-- Opening Marker --

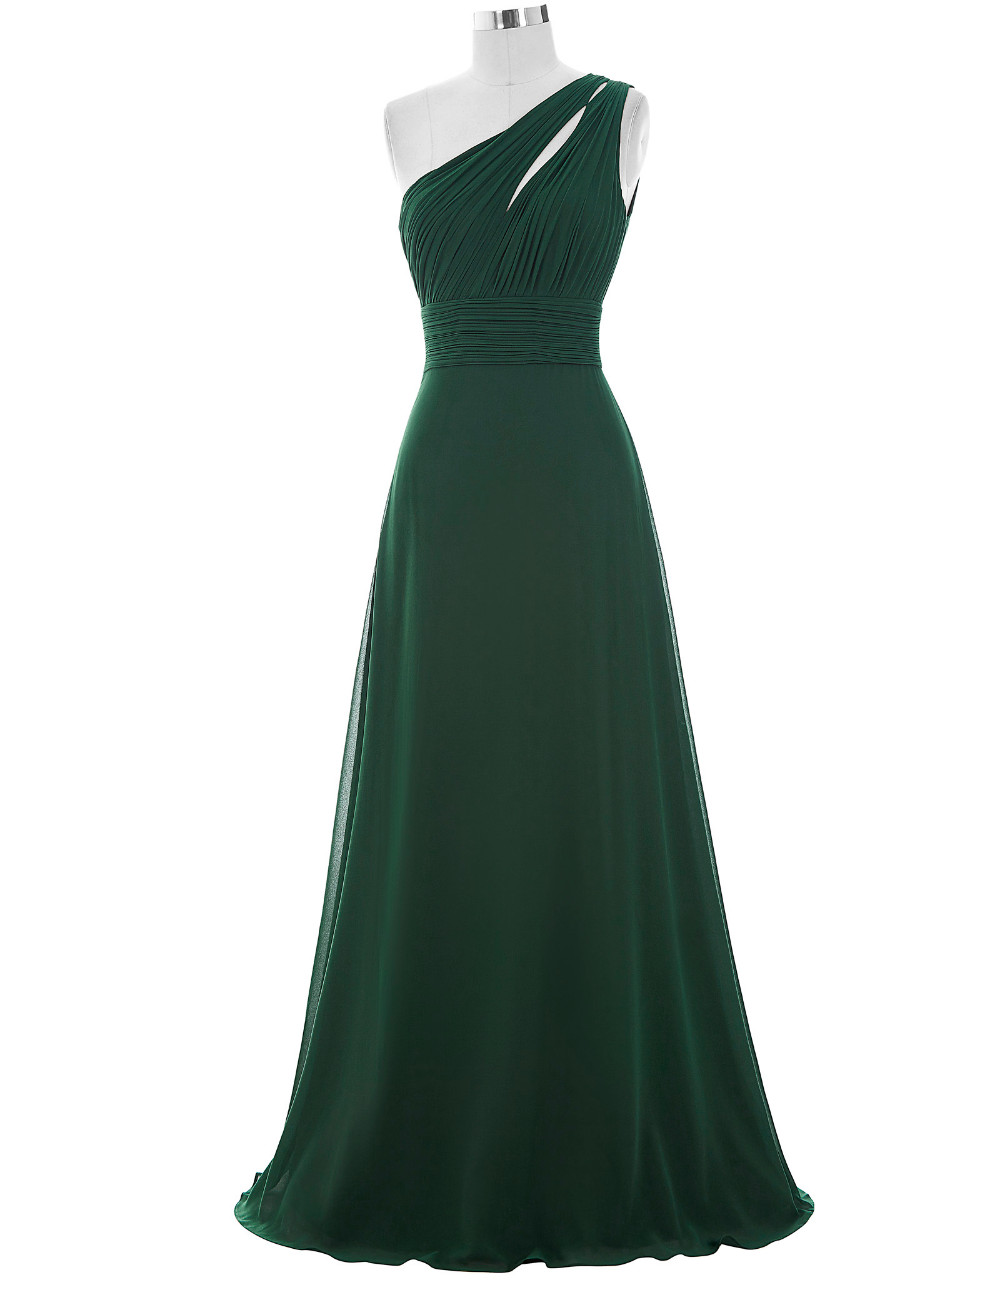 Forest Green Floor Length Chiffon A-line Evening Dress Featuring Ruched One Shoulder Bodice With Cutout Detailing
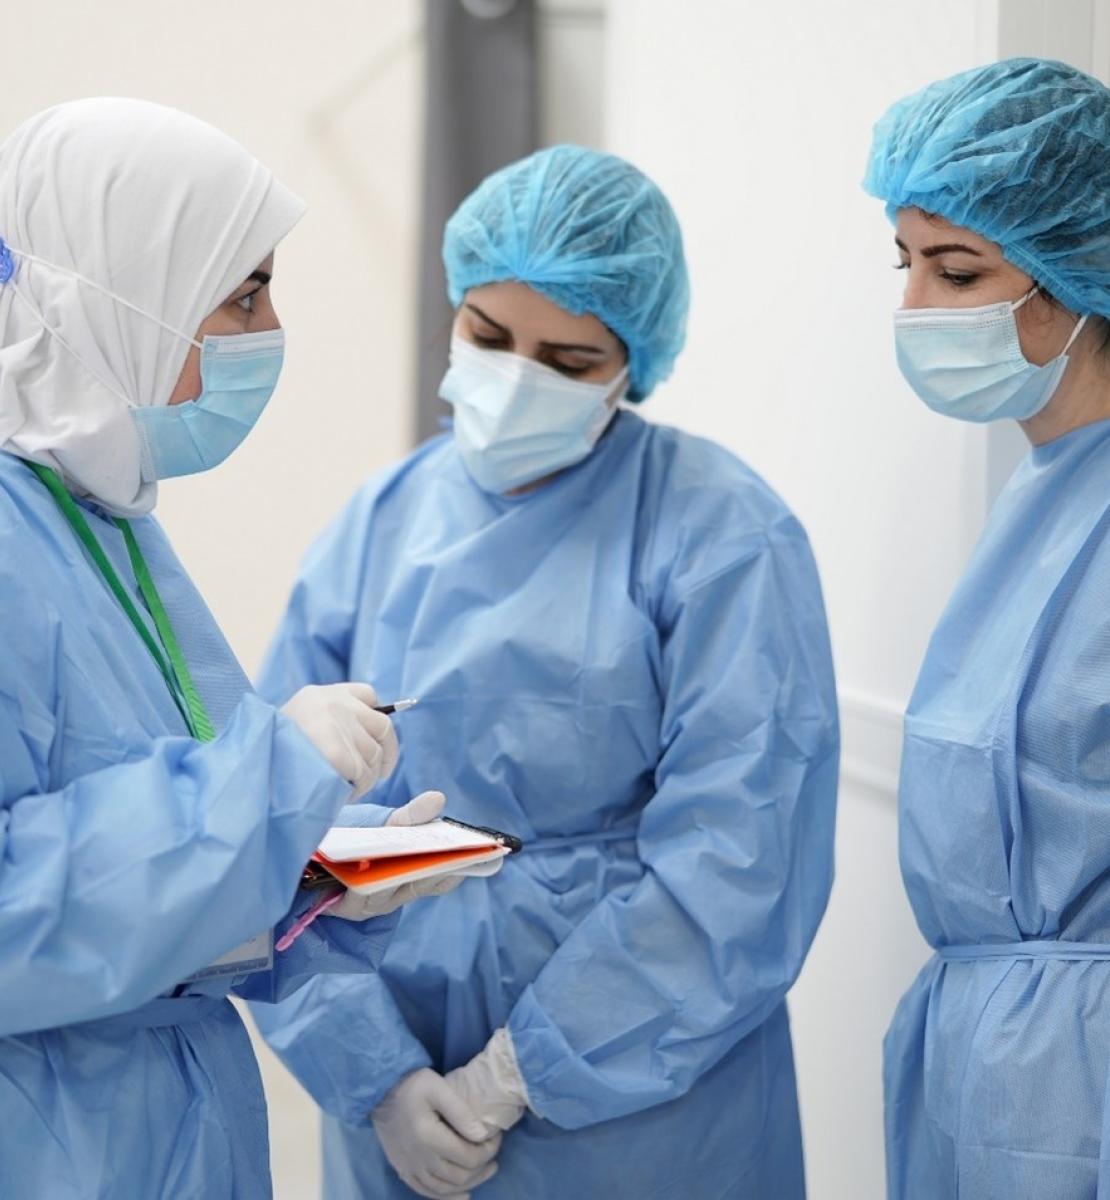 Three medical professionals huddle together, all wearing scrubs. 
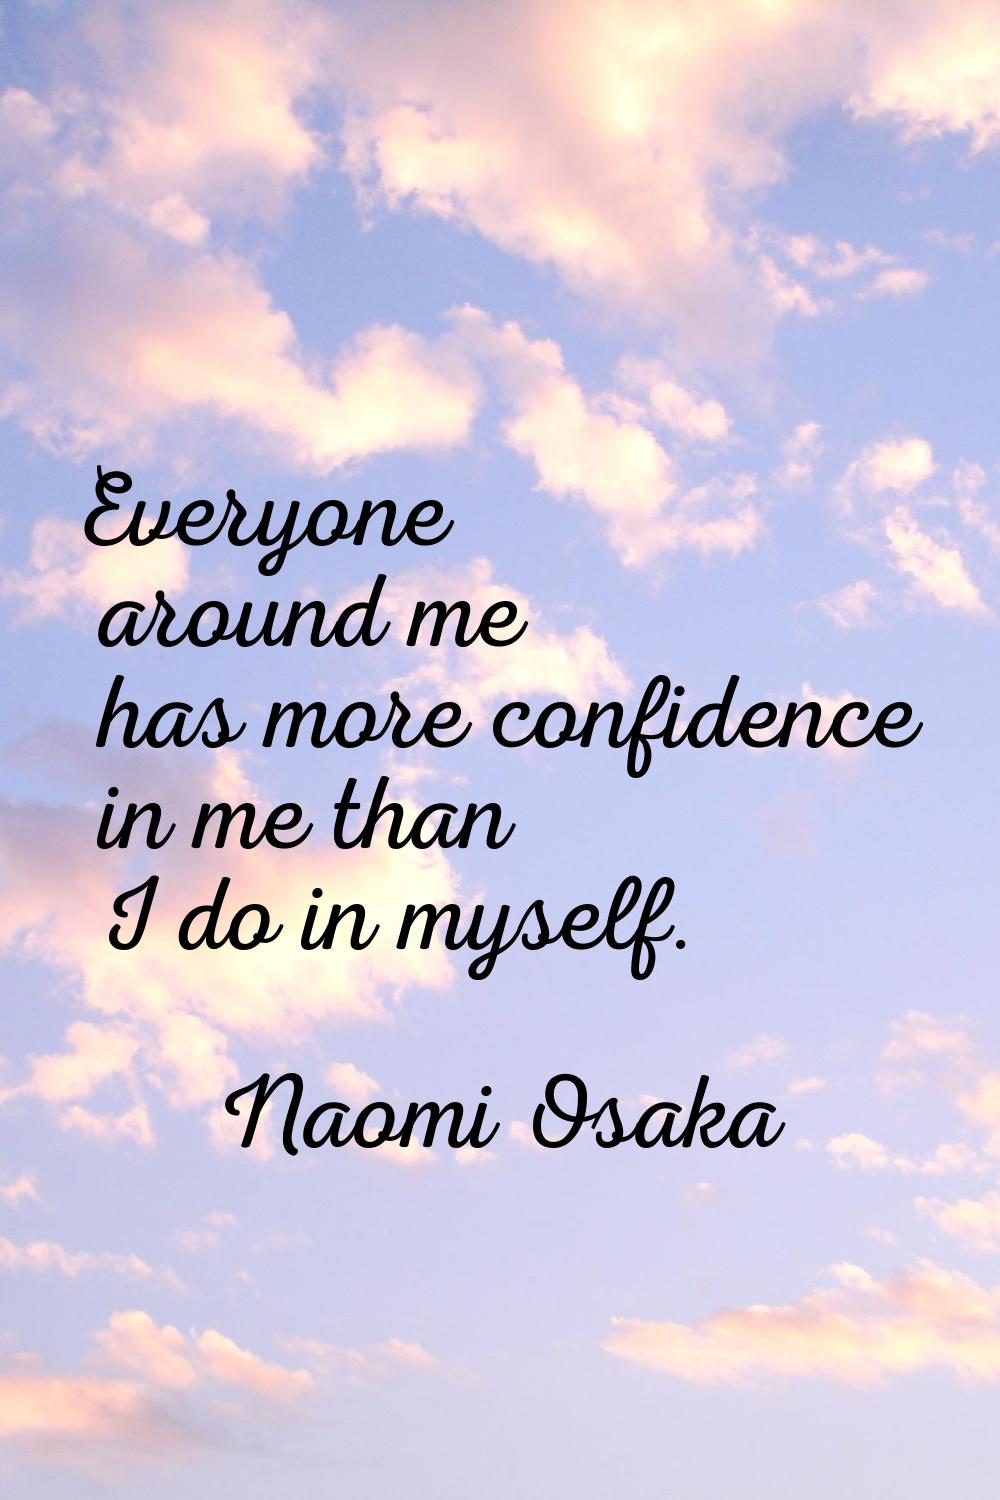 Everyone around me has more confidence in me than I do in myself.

-- Closing Marker --

[YOUR ASSIGNMENT]
The material above should be printed again exactly, with each picture left out.

[SOLUTION FOR THIS EXERCISE]
 Forest Green Floor Length Chiffon A-line Evening Dress Featuring Ruched One Shoulder Bodice With Cutout Detailing
 Three medical professionals huddle together, all wearing scrubs. 
 Everyone around me has more confidence in me than I do in myself.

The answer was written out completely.